* What the task asks:
Nothing outside the range is to be copied. From the entries below, reproduce exactly the lines starting at the one with "A&W Promo Kupon November Hemat" and ending at the one with "ikawa_red_logo.png", without pictures.

* Data for processing:
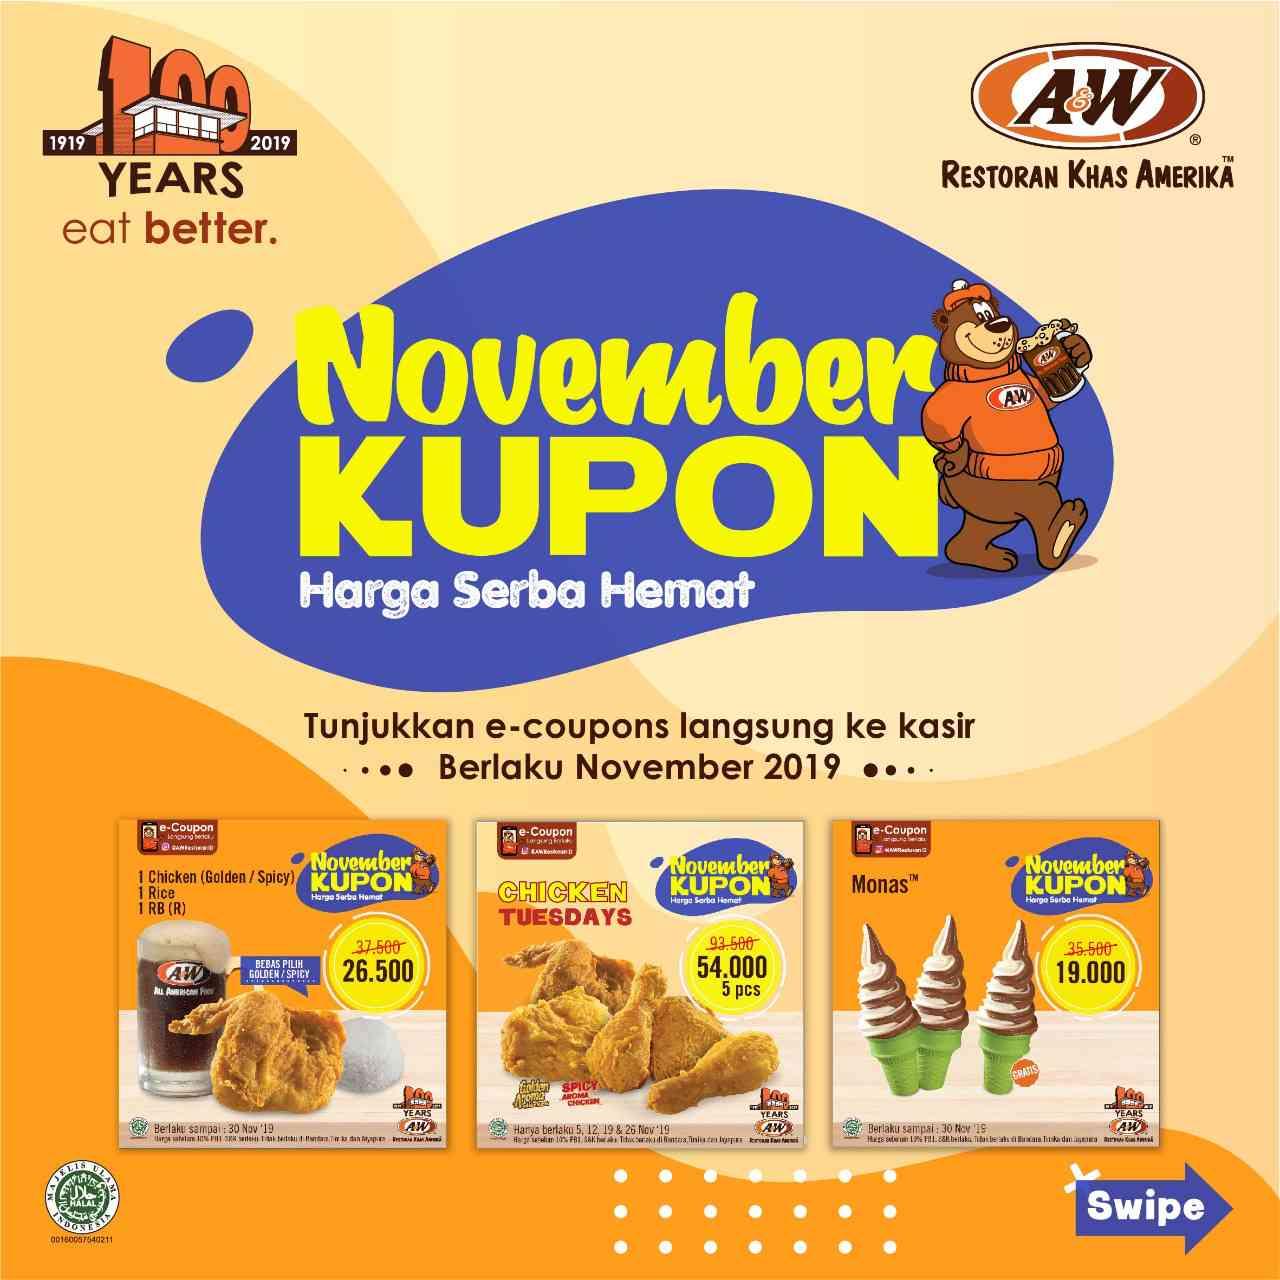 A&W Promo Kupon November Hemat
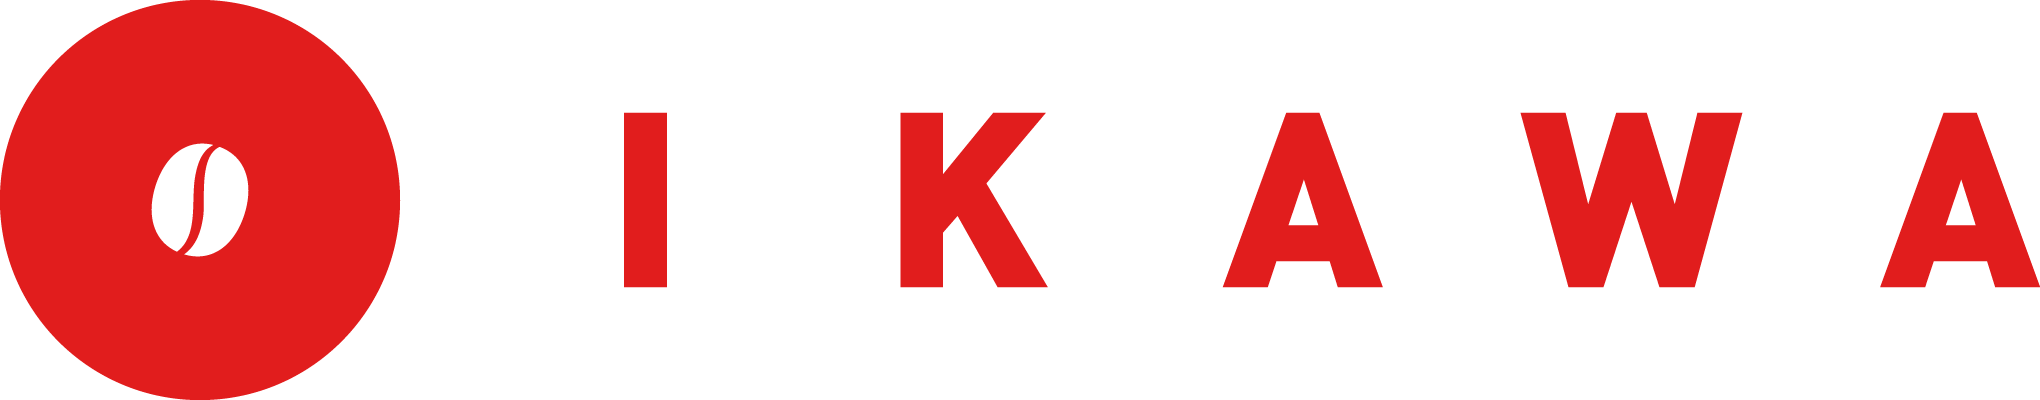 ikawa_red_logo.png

* * *

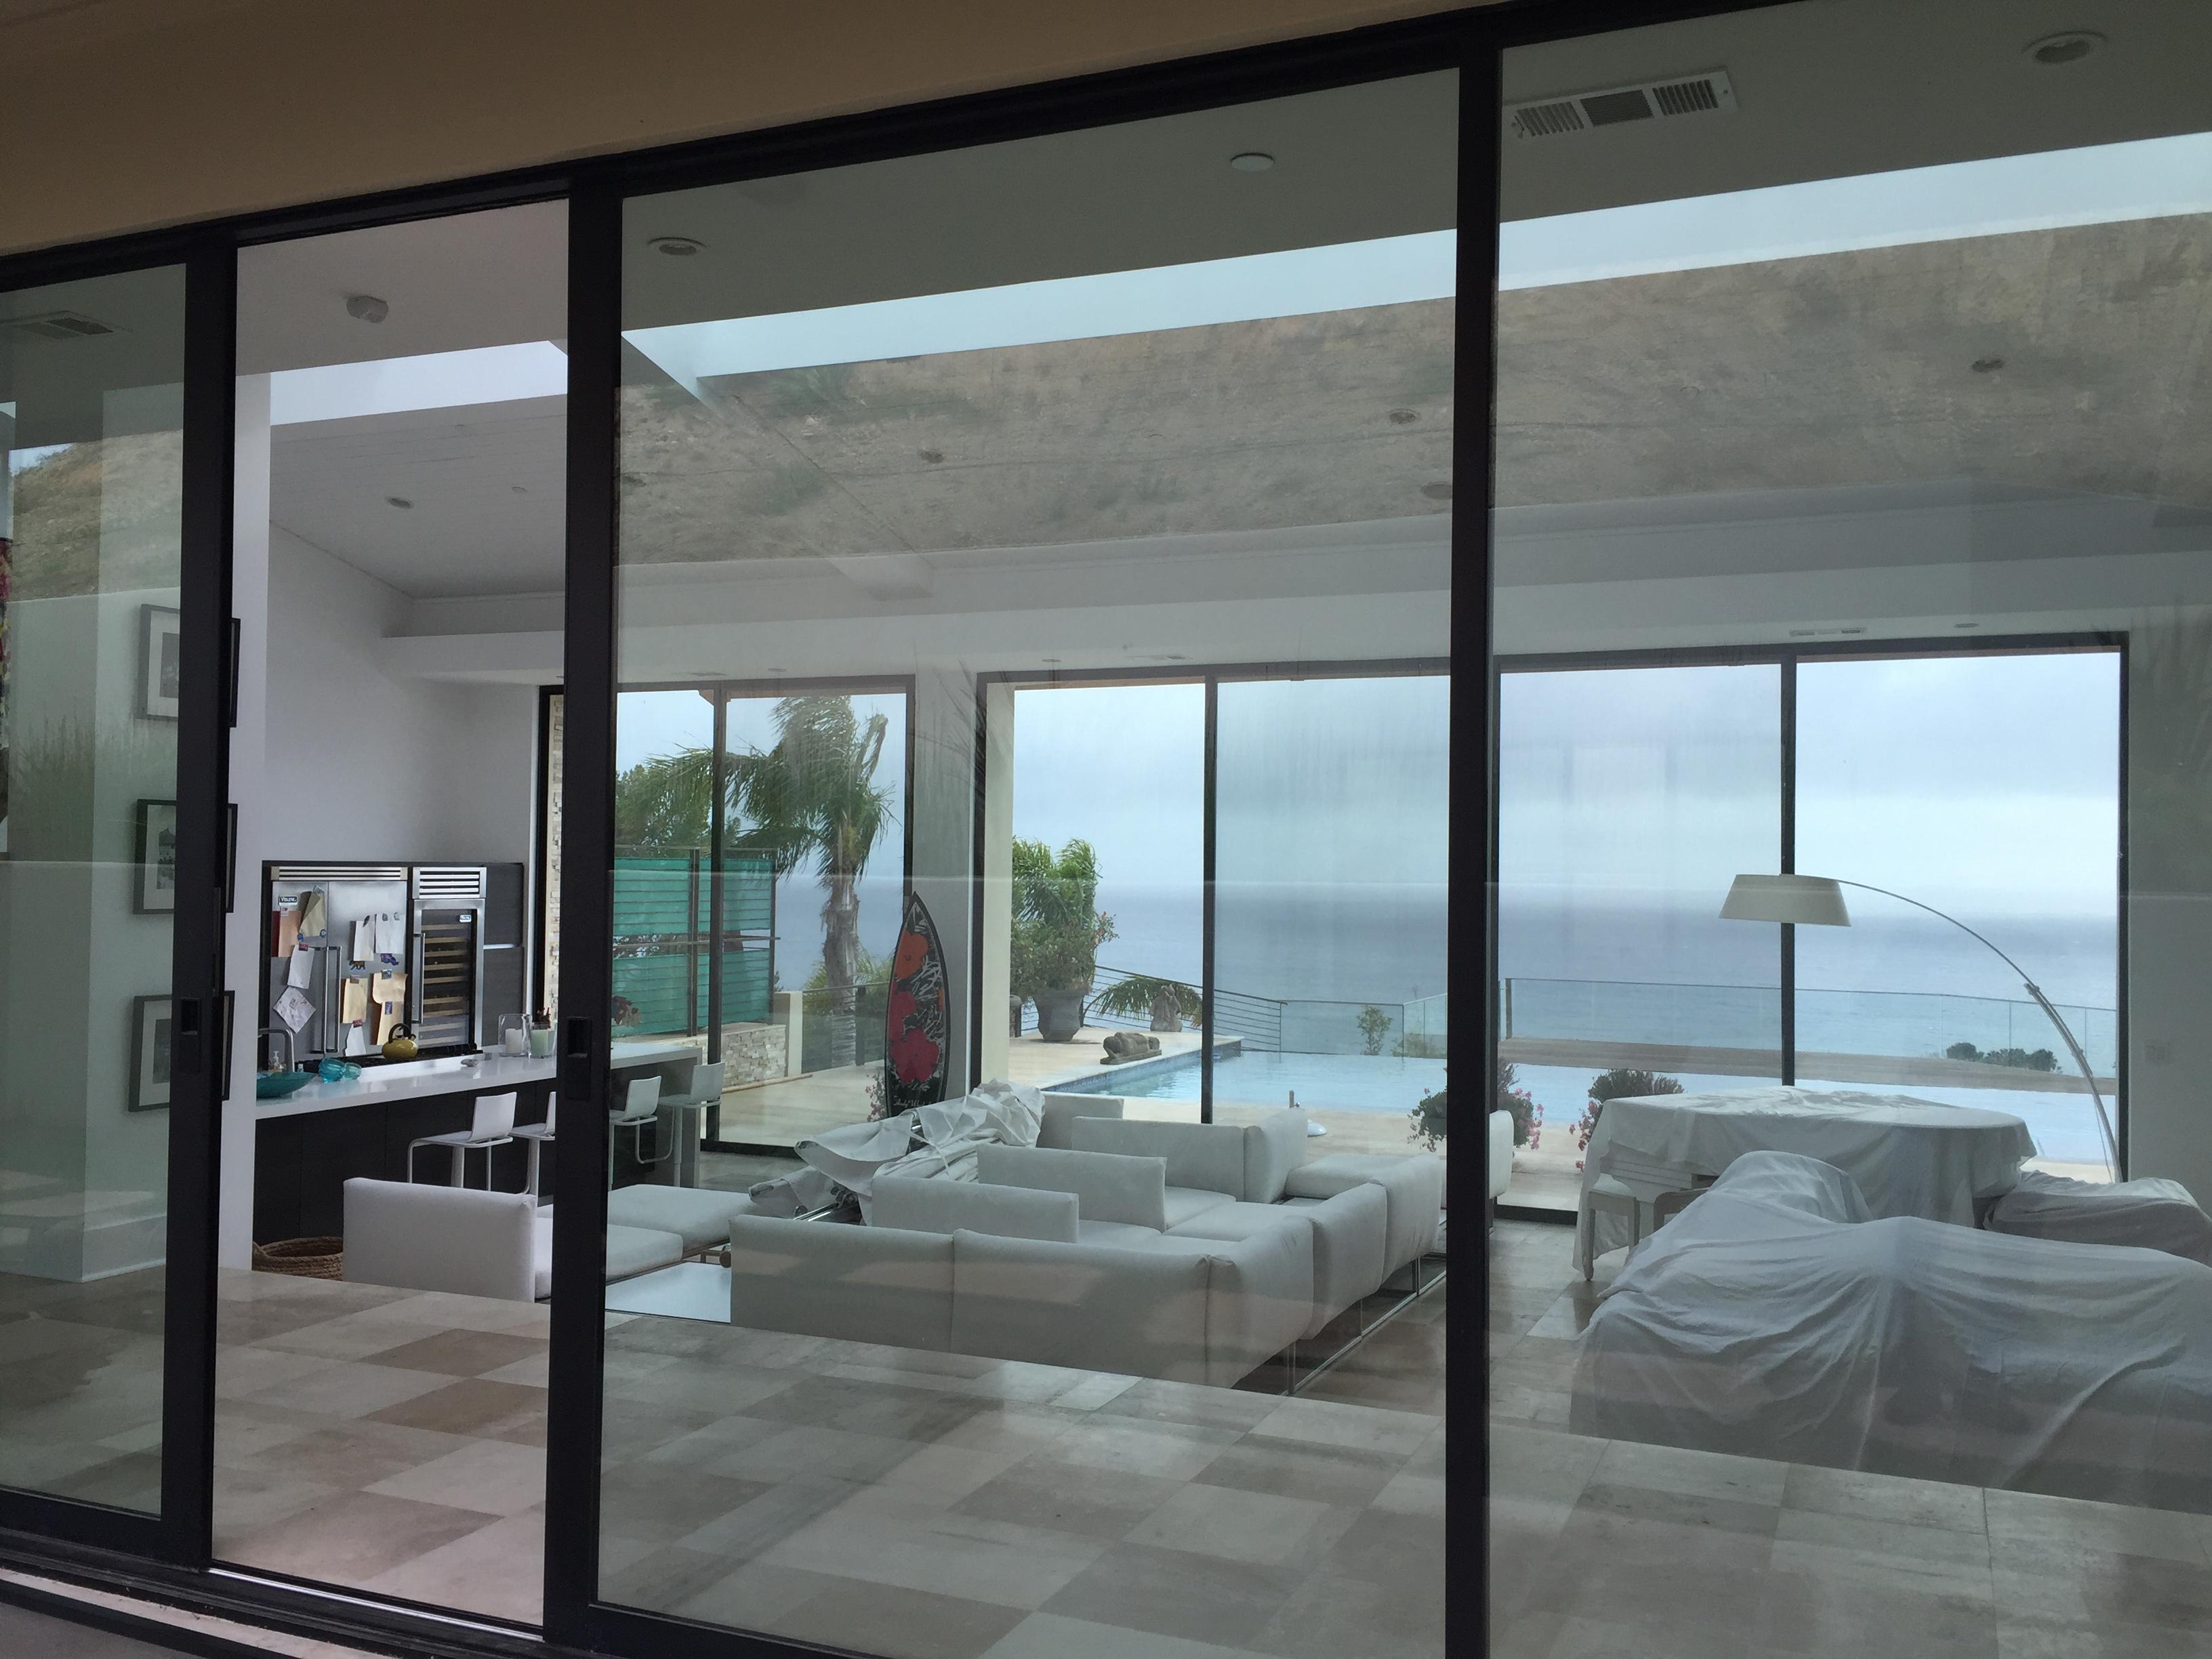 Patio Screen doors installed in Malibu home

* Result of this exercise:
 A&W Promo Kupon November Hemat
 ikawa_red_logo.png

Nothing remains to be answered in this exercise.